Welche Rolle spielt die Karriere für Sie?
Braun:
Im Moment hat sie oberste Priorität.

Das Vereinbaren von Kindern und Karriere scheint in Deutschland für Frauen ein heikles Thema zu sein. Können Sie sich trotz Ihres jungen Alters schon vorstellen, mal eine Familie zu gründen und für die Kinder die Karriere zurückzustellen?
Braun:
Ich kann mir vorstellen, mal Kinder zu haben. Viele Airlines sind recht frauenfreundlich eingestellt und haben Mütterprogramme, so dass man Beruf und Familie unter einen Hut bringen kann und zum Beispiel statt zwei Wochen nur ein paar Tage unterwegs ist oder eher für Kurz- statt Langstrecken eingesetzt wird.

Und im Idealfall ist da auch noch ein anderer Elternteil.
Braun:
Genau, im besten Fall (lacht).

Was reizt Sie besonders am Pilotenberuf?
Braun:
Die Sicht von oben! Die Lust am Reisen spielt auf jeden Fall auch eine Rolle. Ich finde es interessant, andere Kulturen kennenzulernen und würde gerne mal nach Asien und Südamerika fliegen.

Was hätten Sie gemacht, wenn Sie sich nicht für die Pilotenausbildung entschieden hätten?
Braun:
Ein BWL- oder Managementstudium wäre auch in Frage gekommen. Kurz vor und nach dem Abitur war ich erst mal verunsichert und habe mir vieles angeschaut. Letztlich bin ich aber doch zu dem zurückgekommen, was ich schon als Kind machen wollte.

Zur Person

Sara Braun, Jahrgang 1992, stammt aus Wipperfürth bei Gummersbach und studiert seit September 2012 im Rahmen des "Flying Bachelor"-Programms "Aviation Management" an der International University of Applied Science in Bad Honnef (IUBH). Parallel durchläuft sie bei der Air Alliance Flight Center GmbH im Siegerland eine Pilotenausbildung. Ihr Praxissemester, fester Bestandteil des Bachelor-Studiengangs, wird Sara Braun bei Condor in Frankfurt/Main absolvieren.

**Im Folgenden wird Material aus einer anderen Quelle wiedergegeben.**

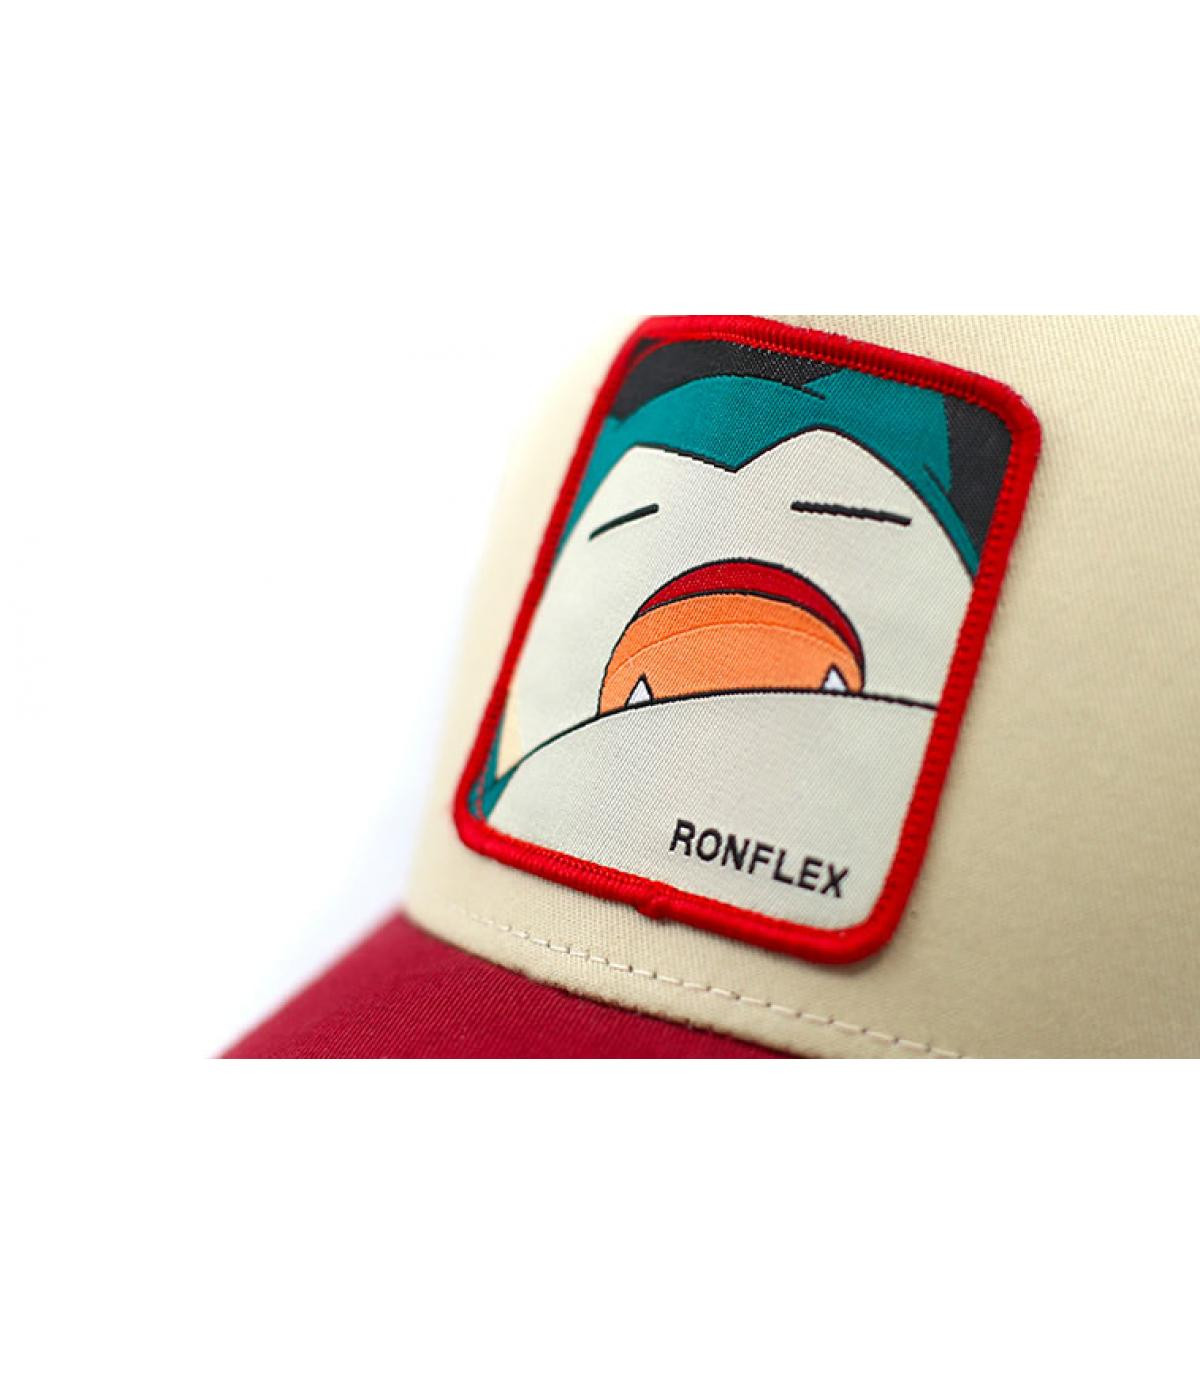 Details Trucker Pokemon Ronflex - Abbildung 3

Studiengang "Aviation Management"

Insgesamt wird der Studiengang "Aviation Management" fünfmal in Deutschland angeboten. Wer das Fach im Rahmen des "Flying Bachelor"-Programms an der IUBH studiert, erhält zusätzlich zum ausschließlich englischsprachigen Studium eine Verkehrspilotenausbildung bei der Air Alliance Flight Center GmbH, die entweder im Siegerland oder in Hangelar stattfindet.

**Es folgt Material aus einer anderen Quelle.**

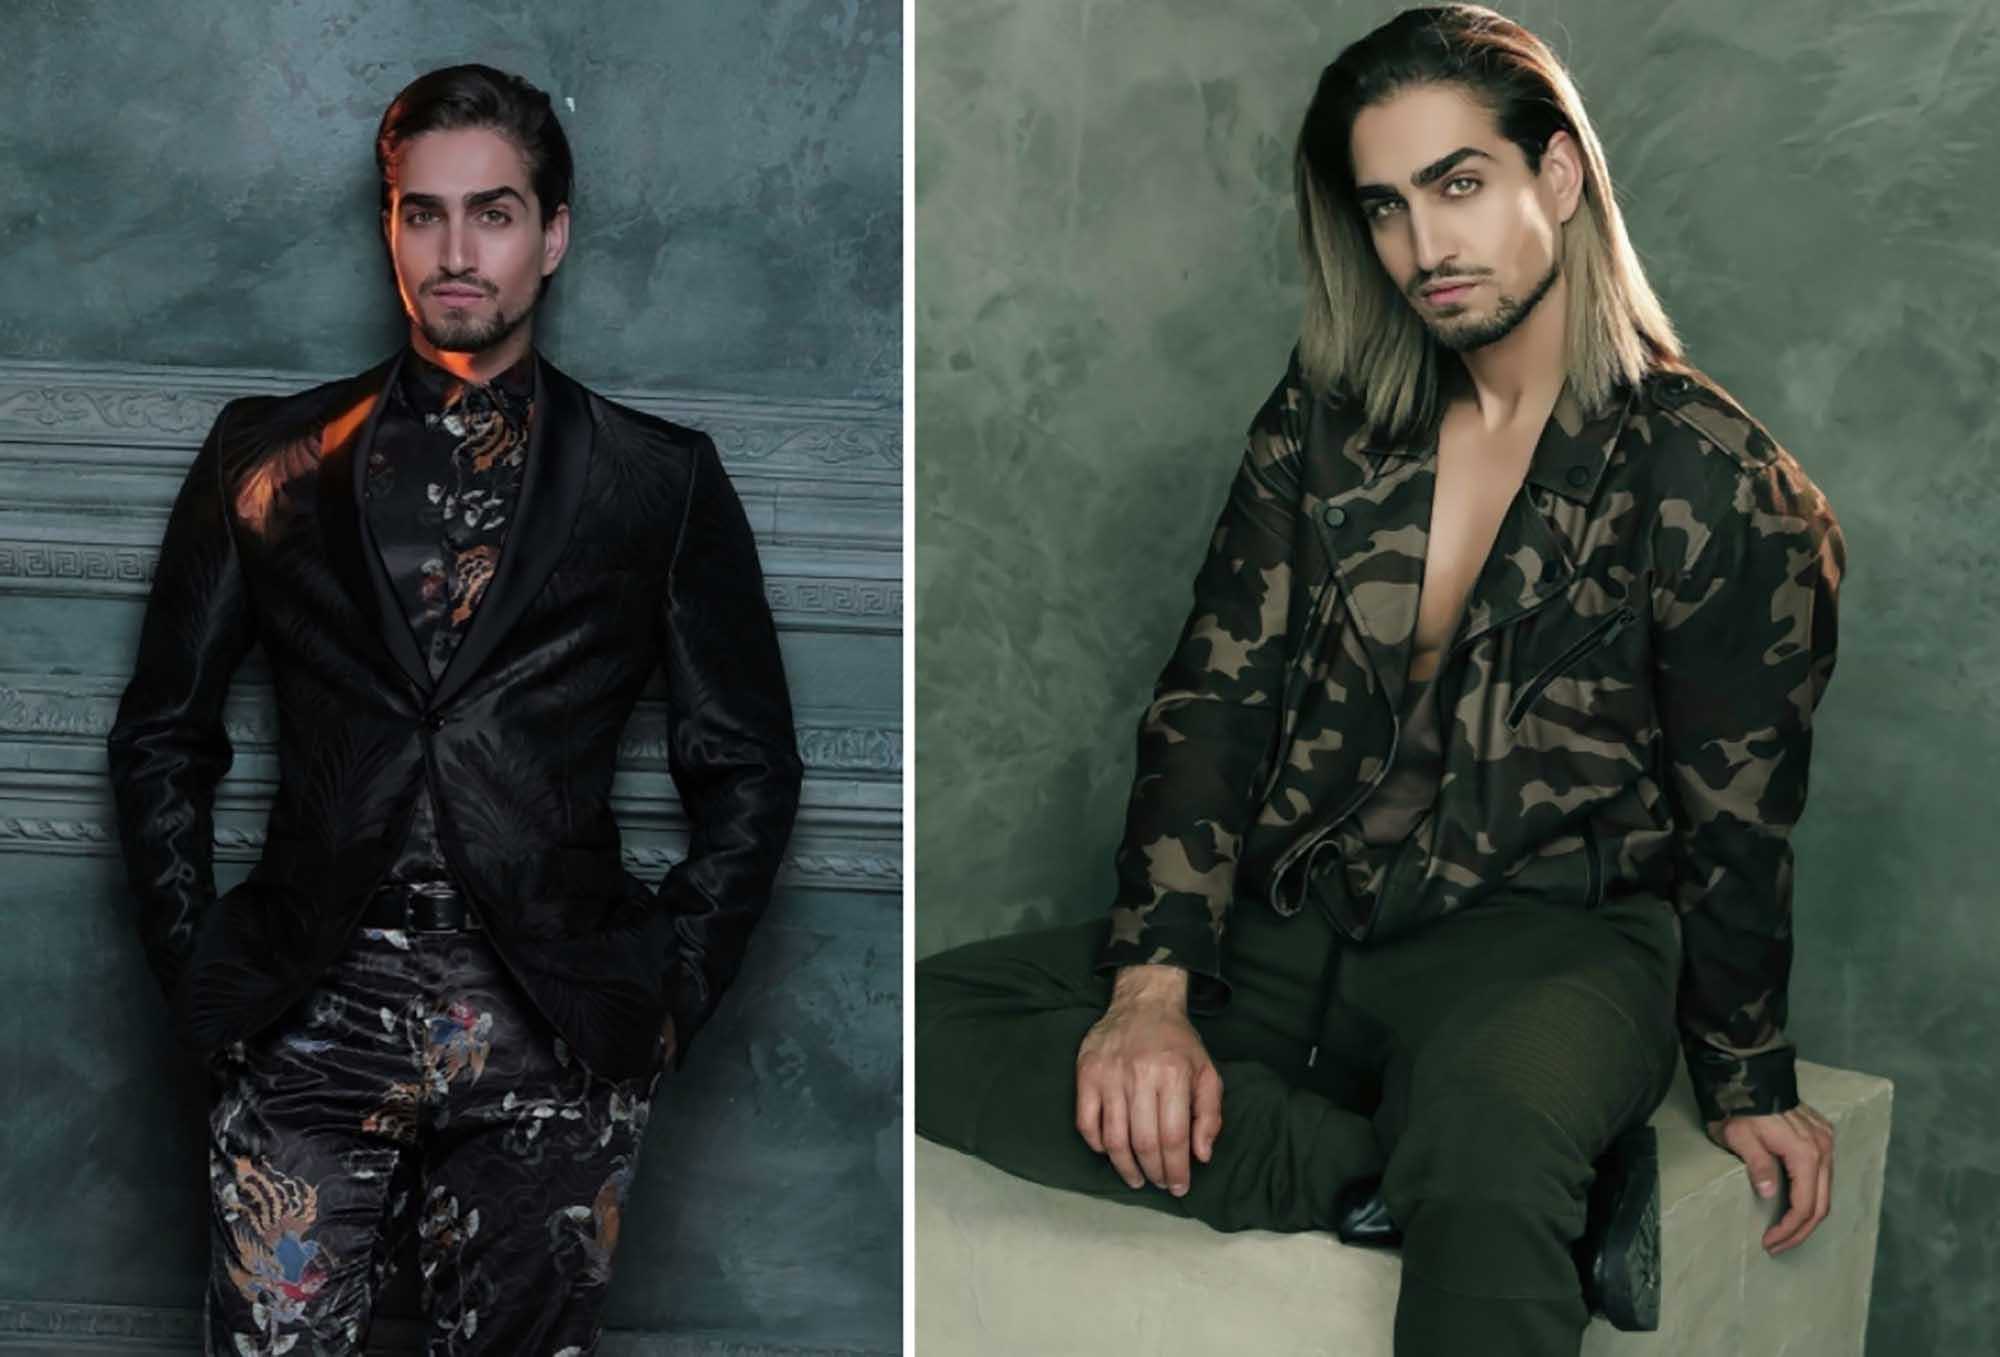 שון בלאיש. צילום: מאוריציו מונטני, מגזין אופנה - 12

Die Theoriekenntnisse erwerben die Studenten und Studentinnen per Fernkurs auf dem Campus. Diese Doppelqualifikation ermöglicht es den Absolventen und Absolventinnen, sowohl im Management als auch in den Cockpits einer Airline zu arbeiten.

Allerdings müssen Interessierte etwas tiefer in die Tasche greifen: Knapp 60.000 Euro kostet alleine die Pilotenausbildung, die die Studierenden neben den etwa 4600 Euro Studiengebühren entrichten müssen.